When using multiple buffers with Flex, how do I avoid having tokens get split between buffers

Question

Let's assume I have a simple grammar of positive integers and alphabetic strings separated by commas. I want to parse this grammar using Flex and Bison, and I want to use multiple input buffers with Flex, for whatever reasons (maybe data is arriving over the network or a serial line or whatever). The problem I'm seeing is that when a string or an integer (which are both variable length tokens) are split between the end of one buffer and the start of the next, the lexer reports two tokens when there should only be one.
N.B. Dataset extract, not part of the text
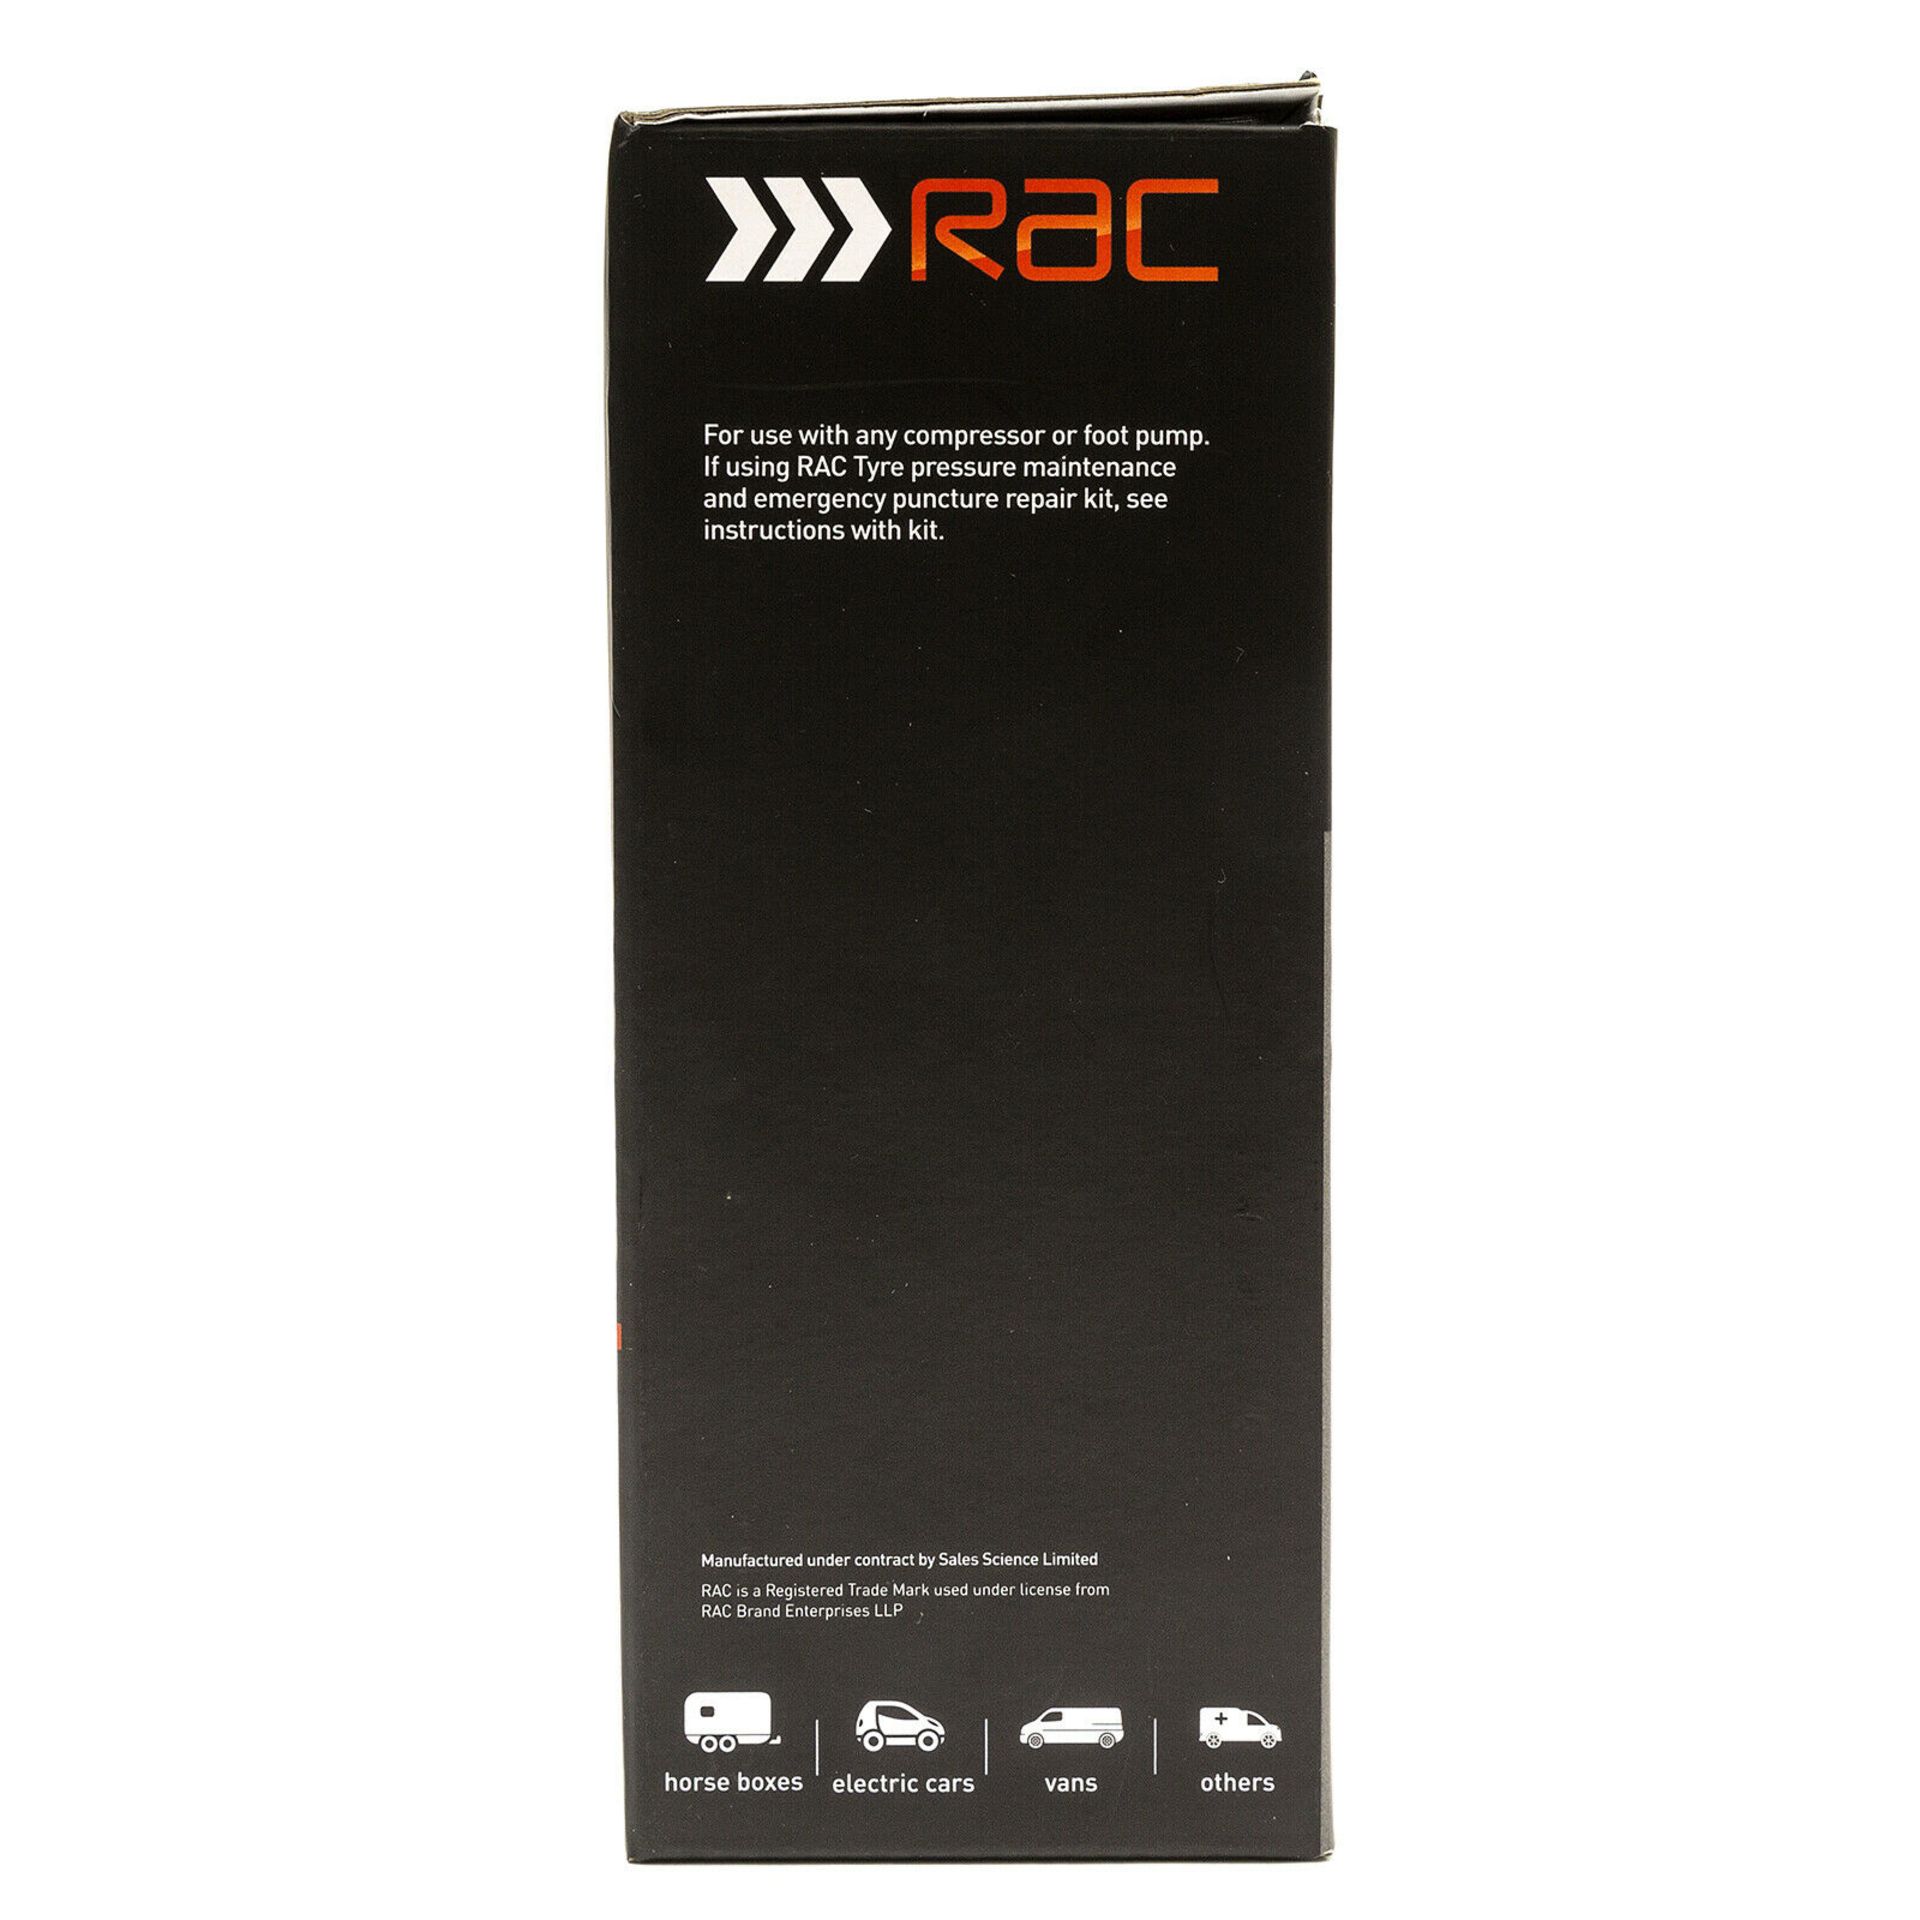 250 x RAC Emergency Tyre Sealant Puncture Repair Kits - New Boxed Resale Stock - Approx RRP £2,500! - Image 7 of 8

In the example below, the chunks are 10, asdf and g,. If that was all in one buffer it would yield the tokens INT(10) COMMA STR(asdfg) COMMA. But with the 'g' in a different buffer from the 'asdf', the lexer actually produces INT(10) COMMA STR(asdf) STR(g) COMMA. It appears the logic upon reaching the end of the buffer is (1) check if the input matches a token, (2) refill the buffer. I feel it should be the other way around: (2) refill the buffer, (1) check if the input matches a token.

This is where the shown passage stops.